To understand this equivalence, one must properly grasp the Wirtinger derivative framework.

1. The Wirtinger derivative framework

In the Wirtinger framework, $z$ and $z^*$ are treated as formally independent variables. Although this may seem strange at first (since $z^*$ is the complex conjugate of $z$ and hence not independent), this framework allows any function $f(z, z^*)$ to be expressed as a function of two variables $z$ and $z^*$.

Examples:

  • $|z|^2 = z z^*$ depends on both $z$ and $z^*$
  • $z^2 + z$ depends only on $z$ (not on $z^*$)
  • $e^z \sin z$ depends only on $z$

2. Three equivalent definitions of a holomorphic function

(a) Complex differentiability

$f(z)$ is holomorphic at $z_0$ $\Leftrightarrow$ the complex derivative $\displaystyle \lim_{h \to 0} \dfrac{f(z_0+h) - f(z_0)}{h}$ exists

Here $h \in \bbC$, and the limit must be the same regardless of the direction from which $h$ approaches $0$ in the complex plane. This is a far stronger condition than differentiability for real functions (where only limits from the left and right are required).

(b) Cauchy--Riemann equations

$f(z) = u(x,y) + iv(x,y)$ is holomorphic $\Leftrightarrow$ the following holds:

\begin{equation} \dfrac{\partial u}{\partial x} = \dfrac{\partial v}{\partial y}, \quad \dfrac{\partial u}{\partial y} = -\dfrac{\partial v}{\partial x} \label{eq:cauchy-riemann} \end{equation}

(c) Characterization via Wirtinger derivatives

$f(z)$ is holomorphic $\Leftrightarrow$ the following holds:

$$\dfrac{\partial f}{\partial z^*} = 0 \tag{\ref{eq:holomorphic-condition}}$$

3. Why (b) and (c) are equivalent

Using the definition of the Wirtinger operator:

$$\dfrac{\partial}{\partial z^*} = \dfrac{1}{2}\left(\dfrac{\partial}{\partial x} + i\dfrac{\partial}{\partial y}\right) \tag{\ref{eq:wirtinger-zbar}}$$

and applying it to $f = u + iv$:

\begin{align} \dfrac{\partial f}{\partial z^*} &= \dfrac{1}{2}\left(\dfrac{\partial}{\partial x} + i\dfrac{\partial}{\partial y}\right)(u + iv) \label{eq:holomorphic-proof-1}\\ &= \dfrac{1}{2}\left[\left(\underbrace{\dfrac{\partial u}{\partial x} - \dfrac{\partial v}{\partial y}}_{=0}\right) + i\left(\underbrace{\dfrac{\partial v}{\partial x} + \dfrac{\partial u}{\partial y}}_{=0}\right)\right] \label{eq:holomorphic-proof-2}\\ &= 0 \end{align}

By equation \eqref{eq:holomorphic-condition}, this expression vanishes if and only if:

  • Real part $= 0$: $\dfrac{\partial u}{\partial x} - \dfrac{\partial v}{\partial y} = 0$ $\Rightarrow$ $\dfrac{\partial u}{\partial x} = \dfrac{\partial v}{\partial y}$
  • Imaginary part $= 0$: $\dfrac{\partial v}{\partial x} + \dfrac{\partial u}{\partial y} = 0$ $\Rightarrow$ $\dfrac{\partial u}{\partial y} = -\dfrac{\partial v}{\partial x}$

These are precisely the Cauchy--Riemann equations from equation \eqref{eq:cauchy-riemann}!
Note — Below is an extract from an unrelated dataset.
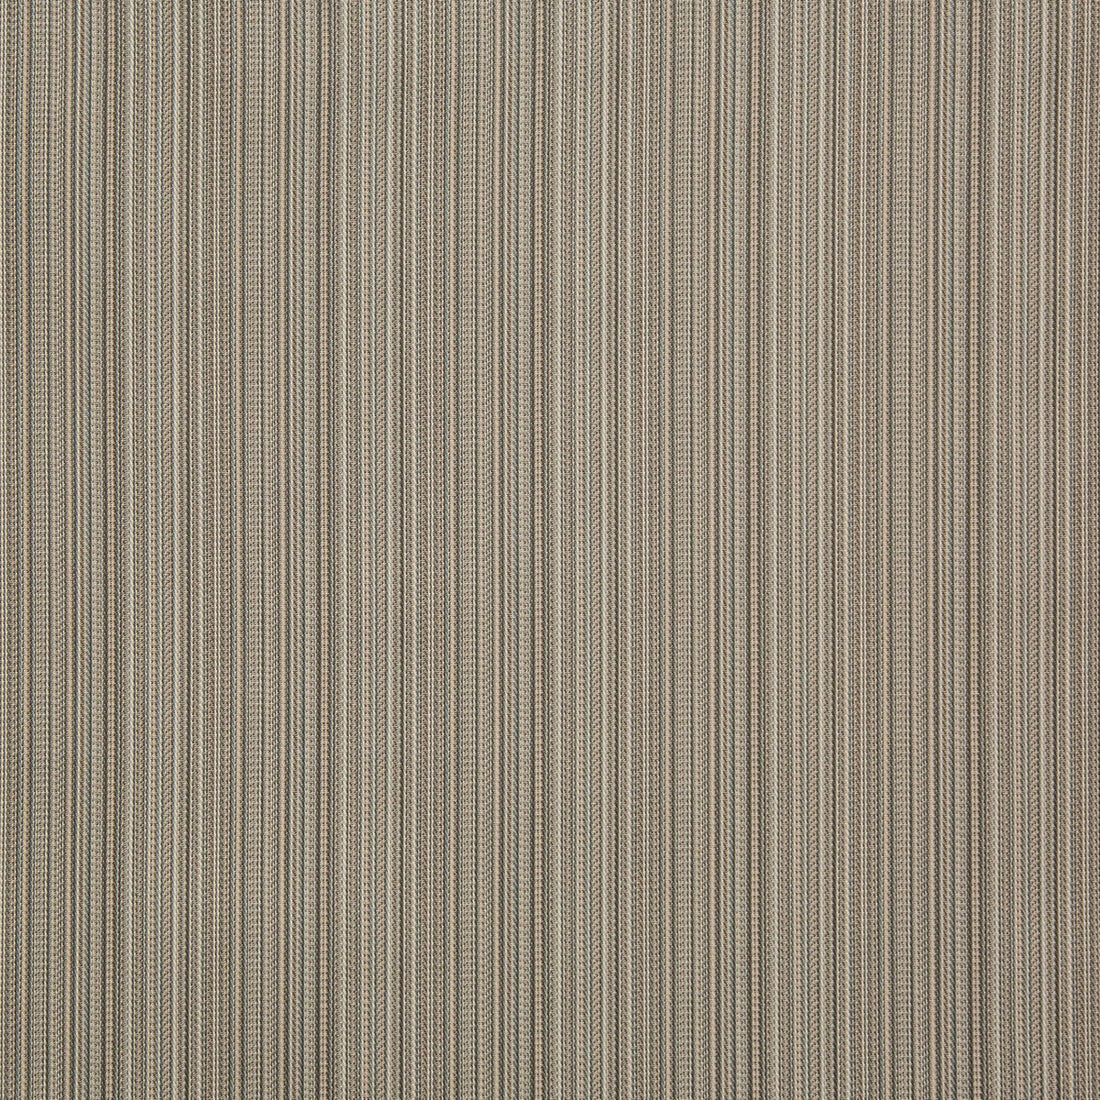 Kravet Smart fabric in 33395-1615 color - pattern 33395.1615.0 - by Kravet Smart in the Soleil collection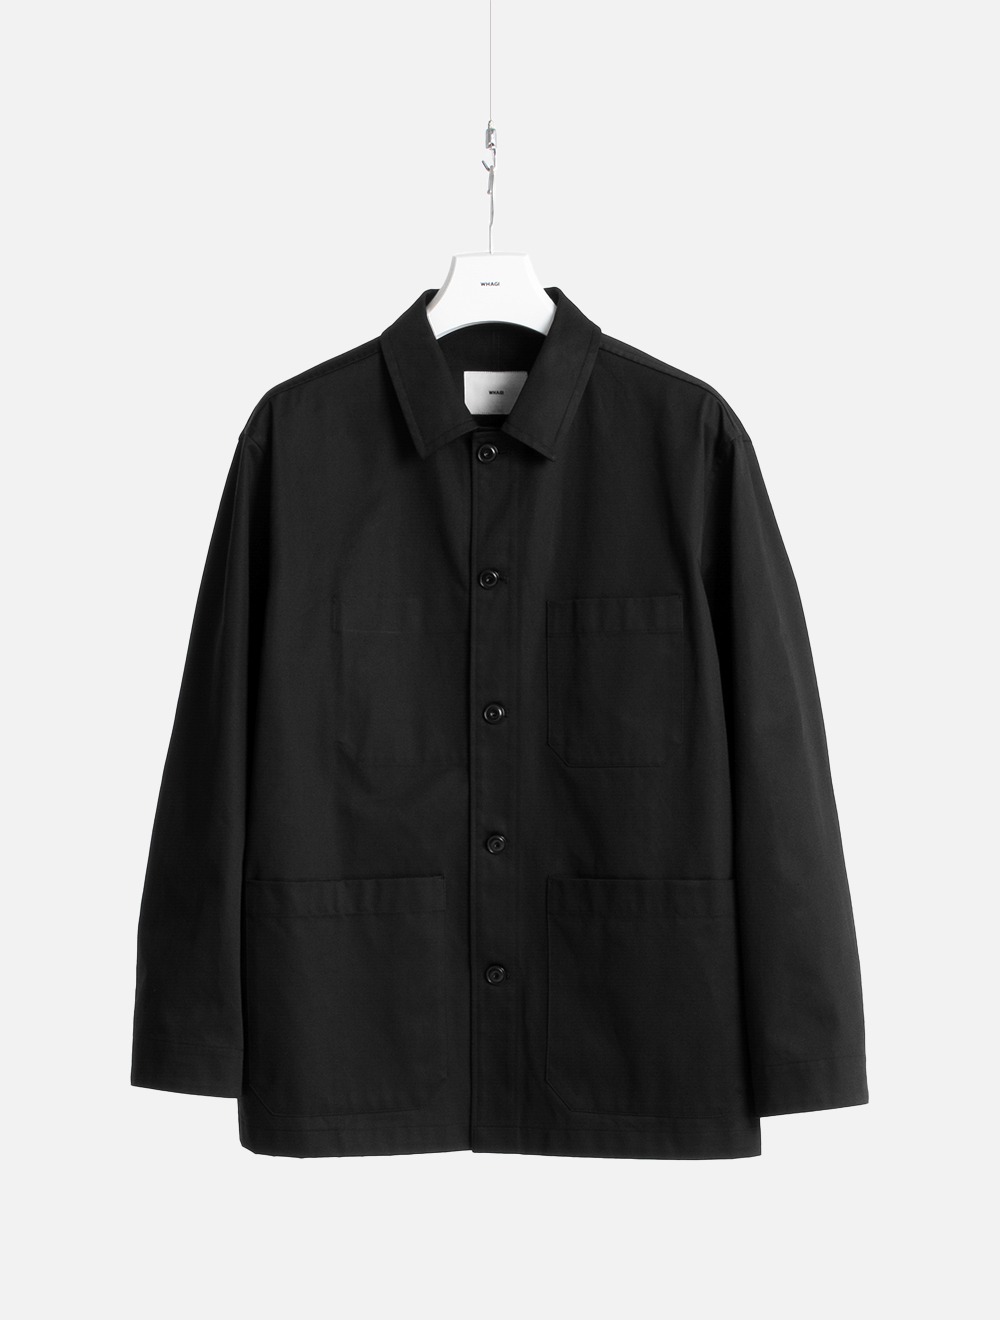 Work Jacket (Black)

4. Intuitive understanding

In the framework where $z$ and $z^*$ are treated as independent variables:

  • A general function can be written as $f(z, z^*)$ (e.g., $|z|^2 = zz^*$)
  • A holomorphic function can be expressed in terms of $z$ alone (e.g., $z^2$, $e^z$, $\sin z$)
  • "Independent of $z^*$" = "unchanged by $\dfrac{\partial}{\partial z^*}$" = equation \eqref{eq:holomorphic-condition}

Therefore, equation \eqref{eq:holomorphic-condition} states that "$f$ is a function of $z$ alone," which is the essence of holomorphicity.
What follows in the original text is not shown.